- WHAT THE TASK REQUIRES
Under this line sits a listing. Repeat exactly and only its lines from the one holding "Wooden Pallet Shelving Table" through the one holding "Nevada's Workforce Investment"; skip pictures.

- GIVEN RECORDS
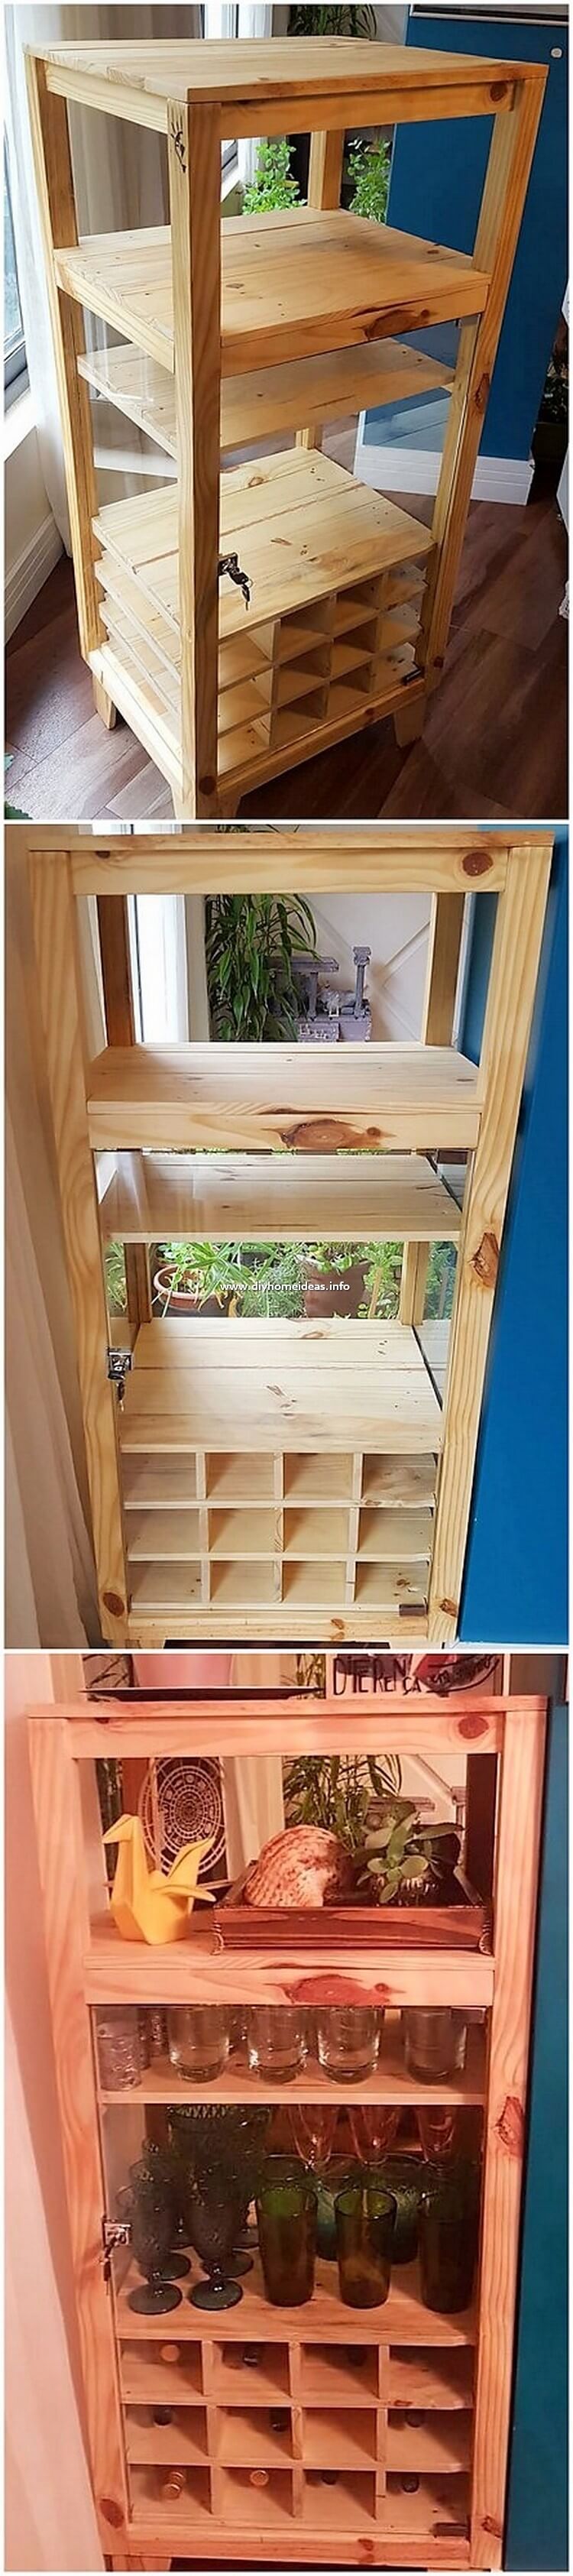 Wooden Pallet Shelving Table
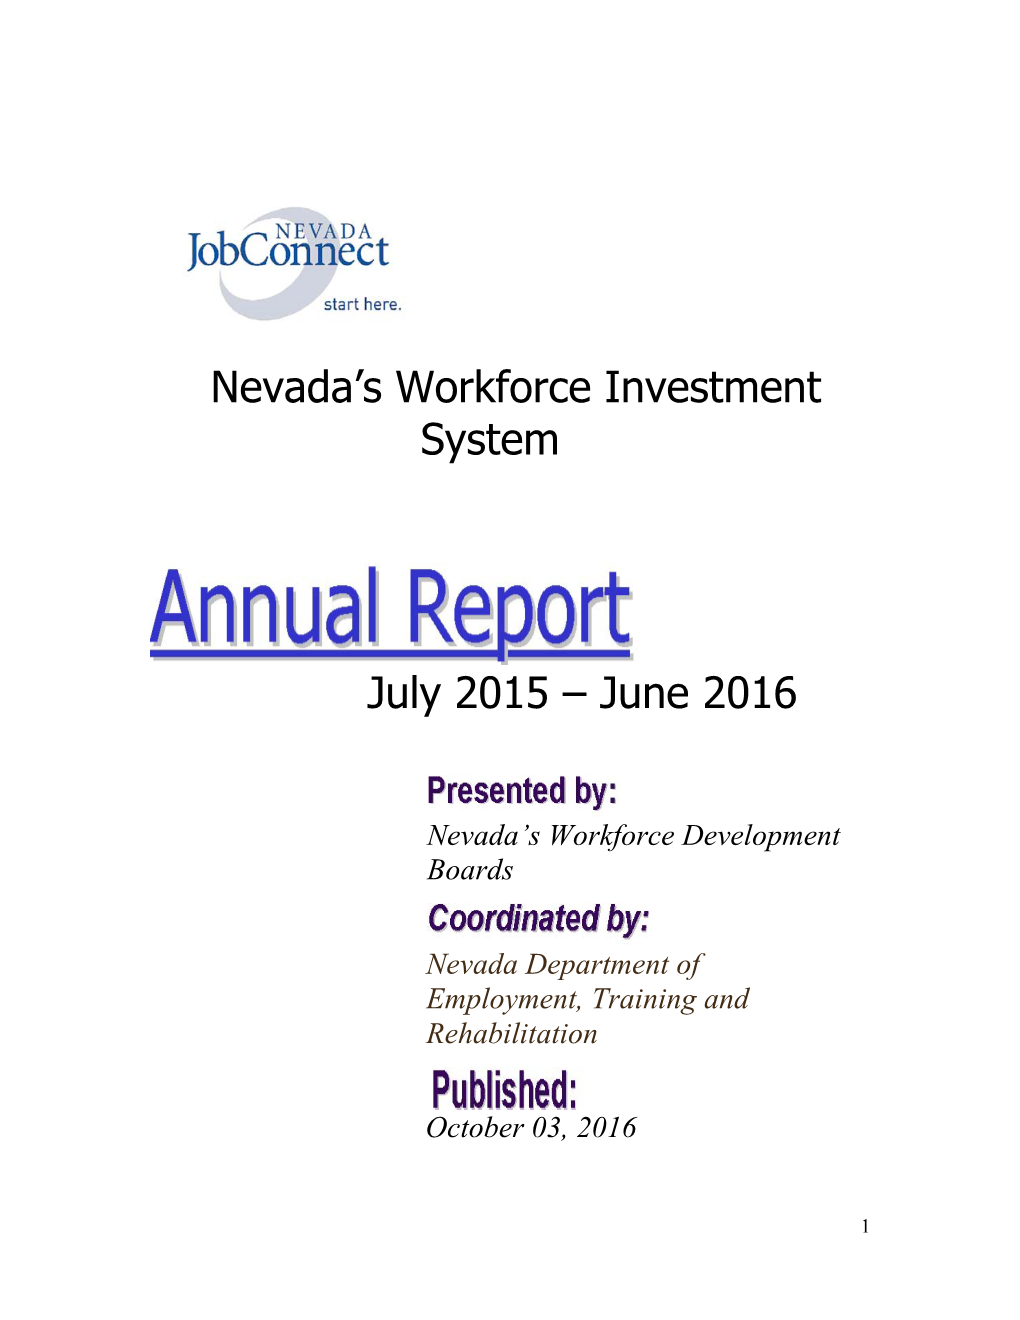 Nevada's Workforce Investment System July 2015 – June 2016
--
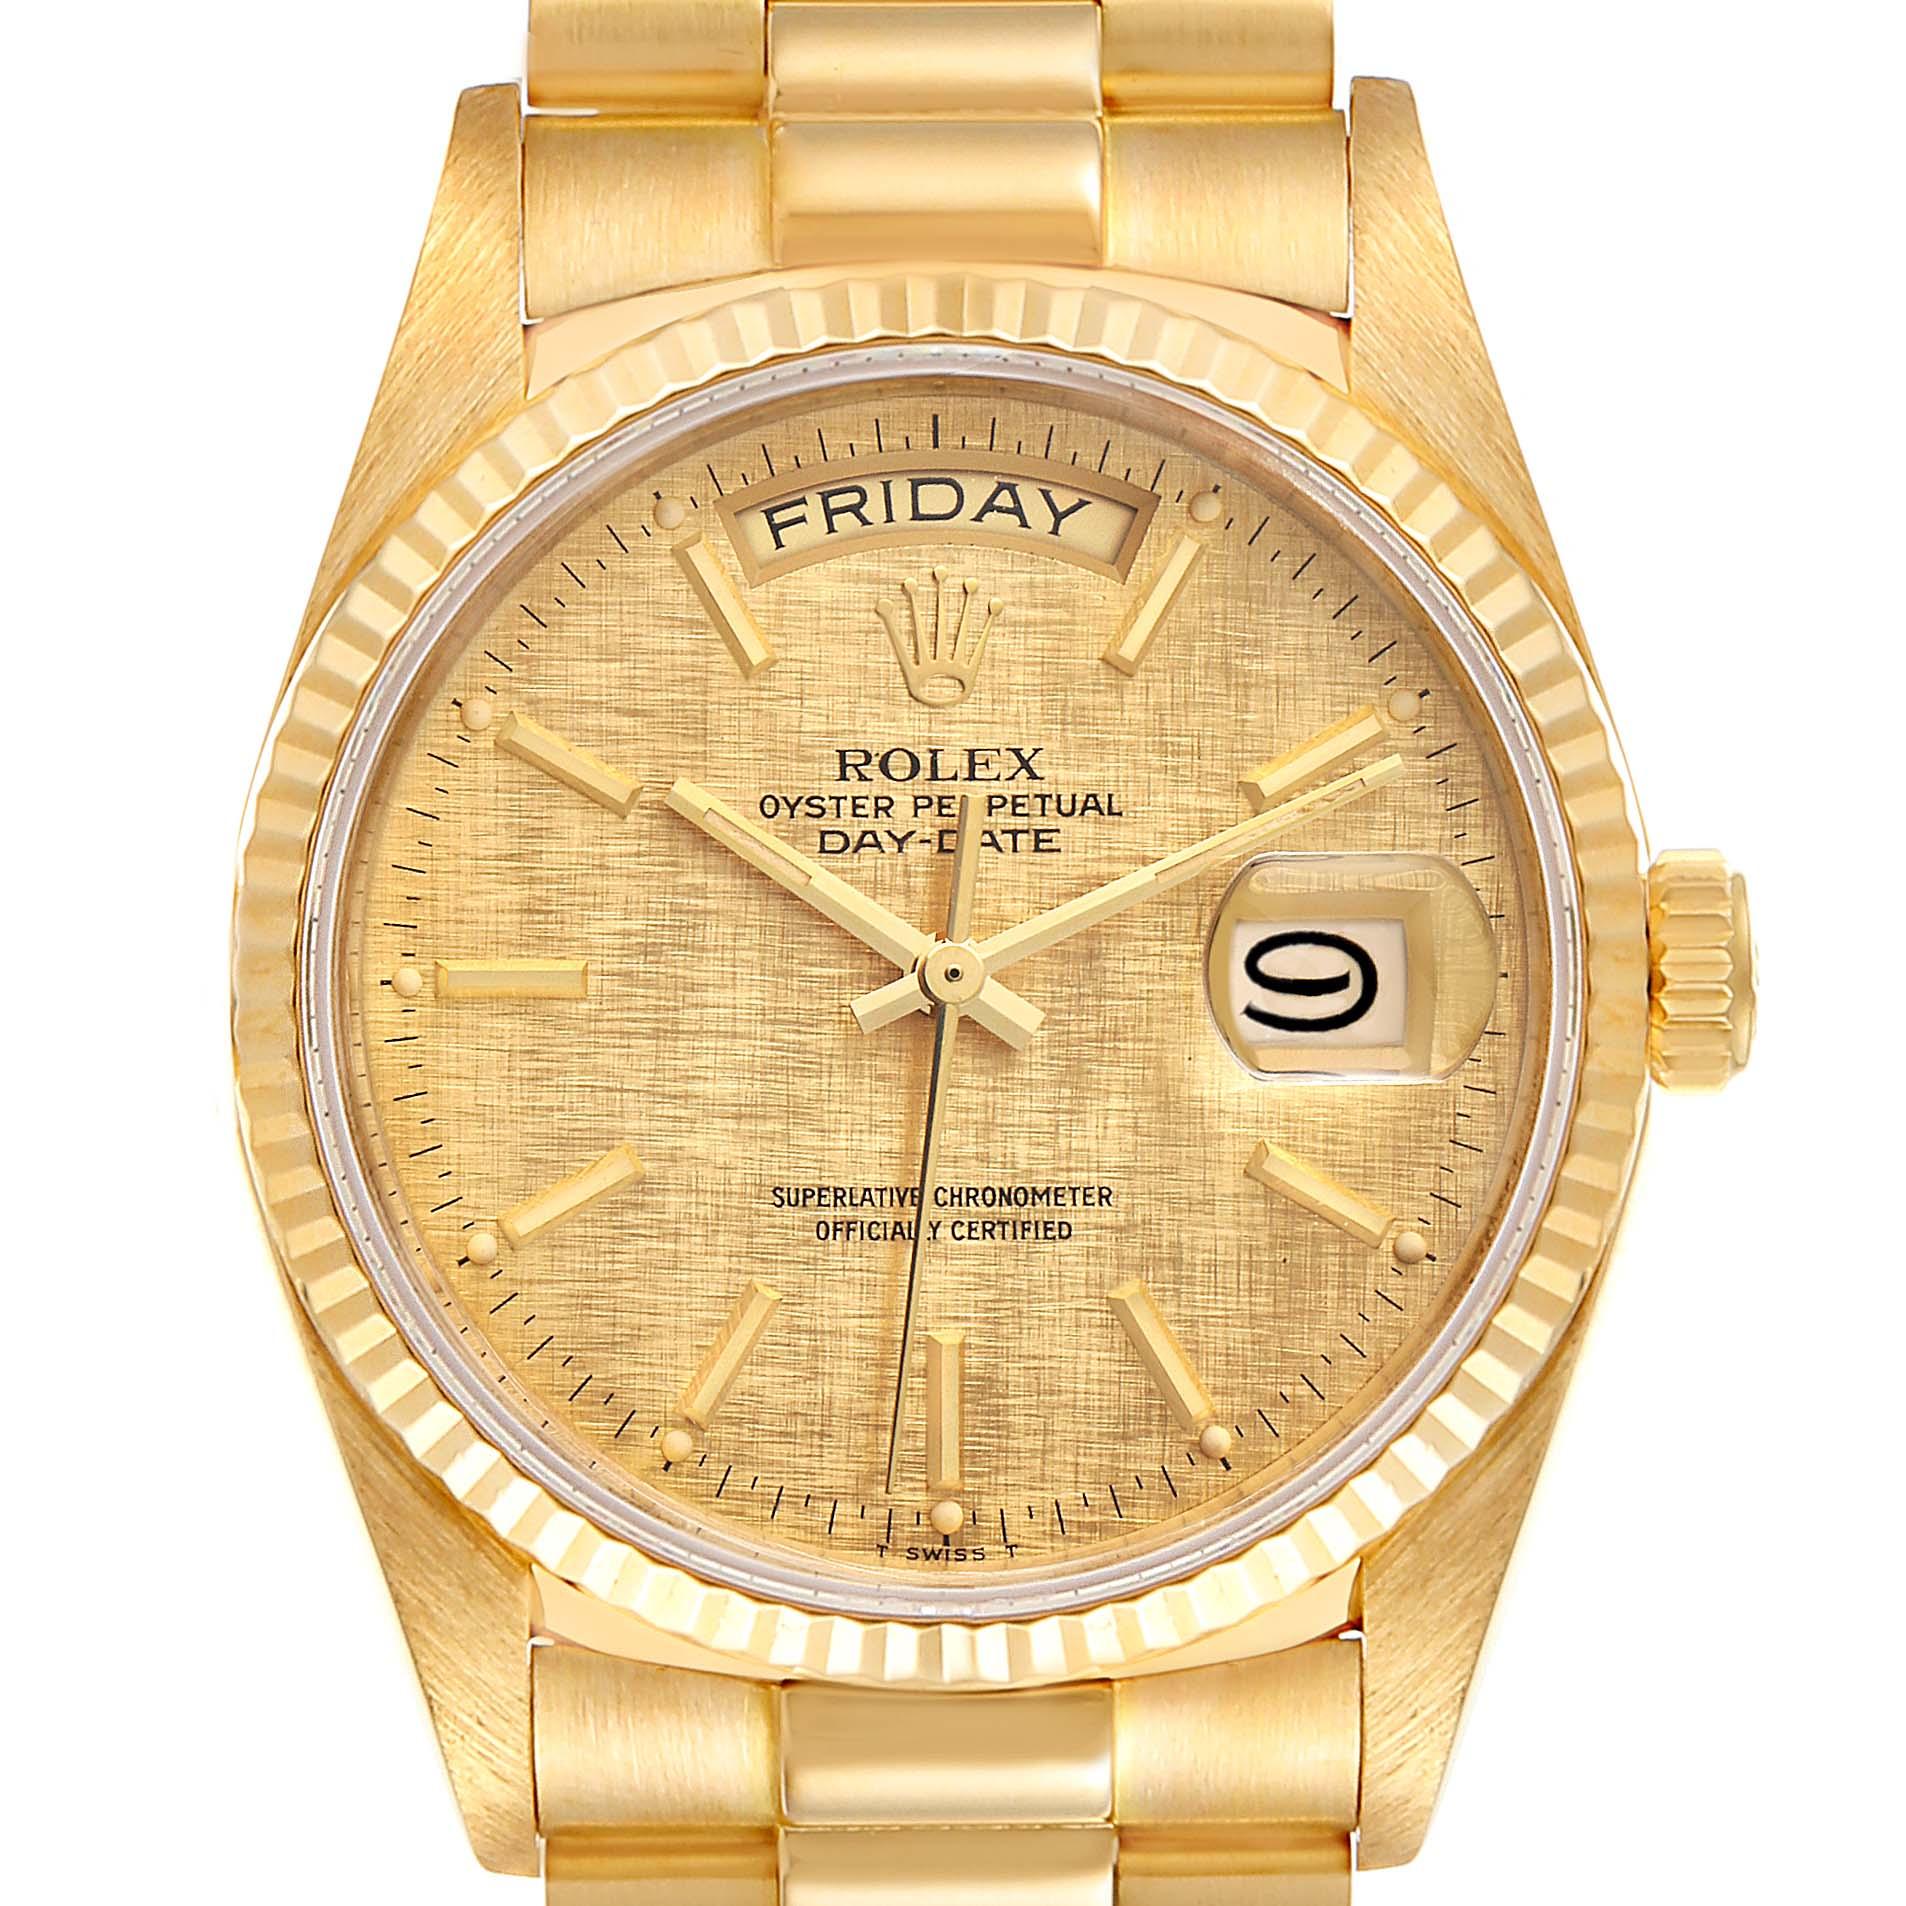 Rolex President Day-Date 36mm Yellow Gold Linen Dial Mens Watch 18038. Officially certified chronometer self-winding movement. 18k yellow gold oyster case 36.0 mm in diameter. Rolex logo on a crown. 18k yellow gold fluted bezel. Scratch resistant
...
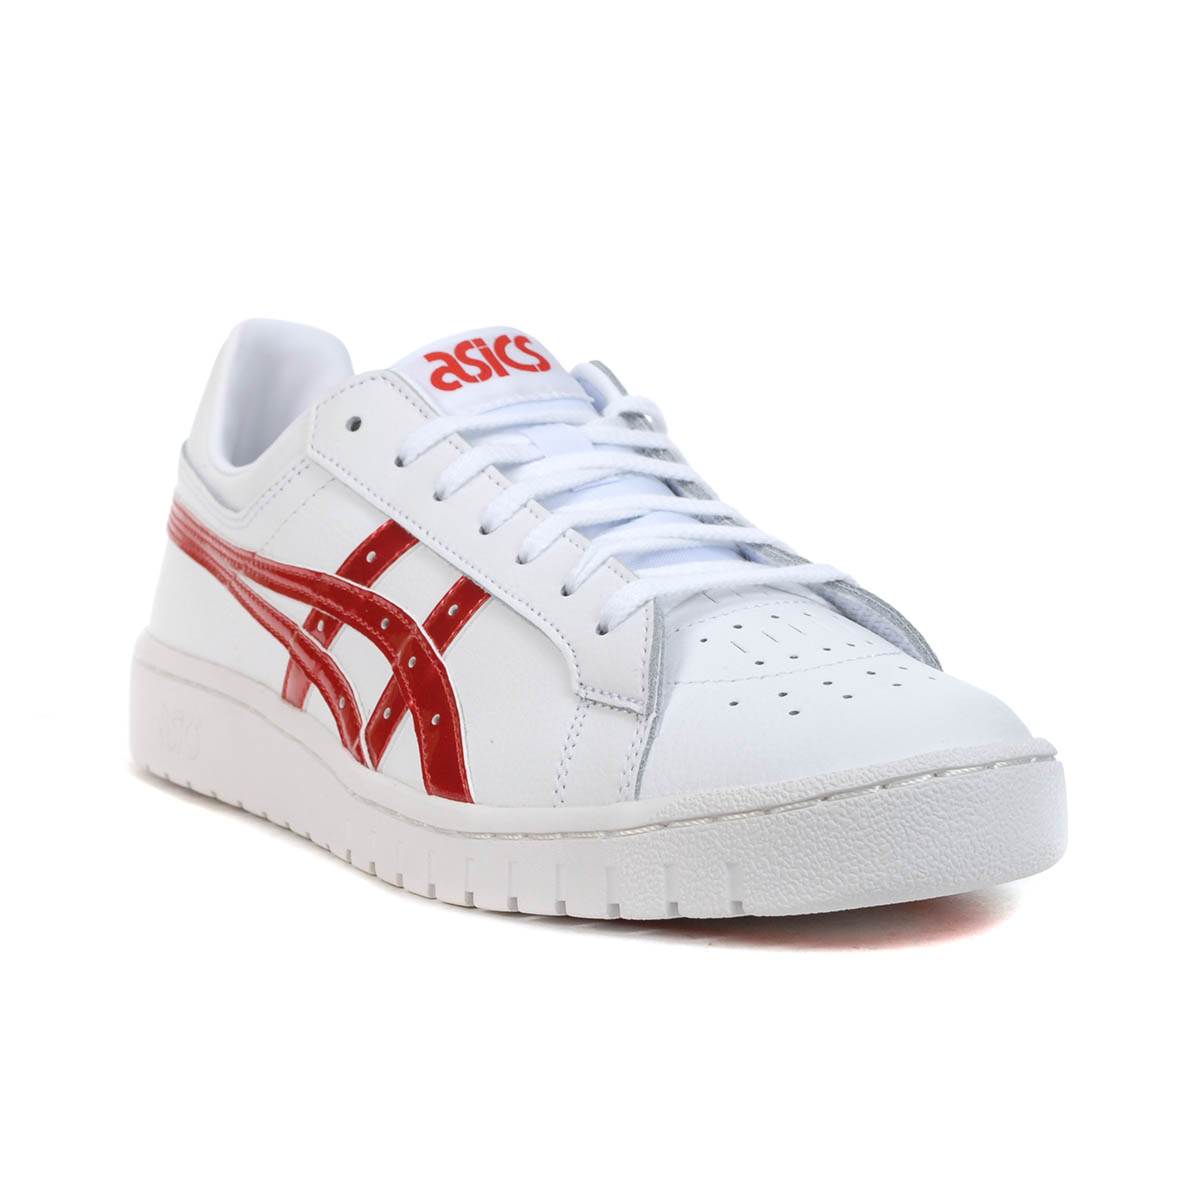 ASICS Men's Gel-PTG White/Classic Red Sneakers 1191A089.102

- RESPONSE
 Wooden Pallet Shelving Table
 Nevada's Workforce Investment System July 2015 – June 2016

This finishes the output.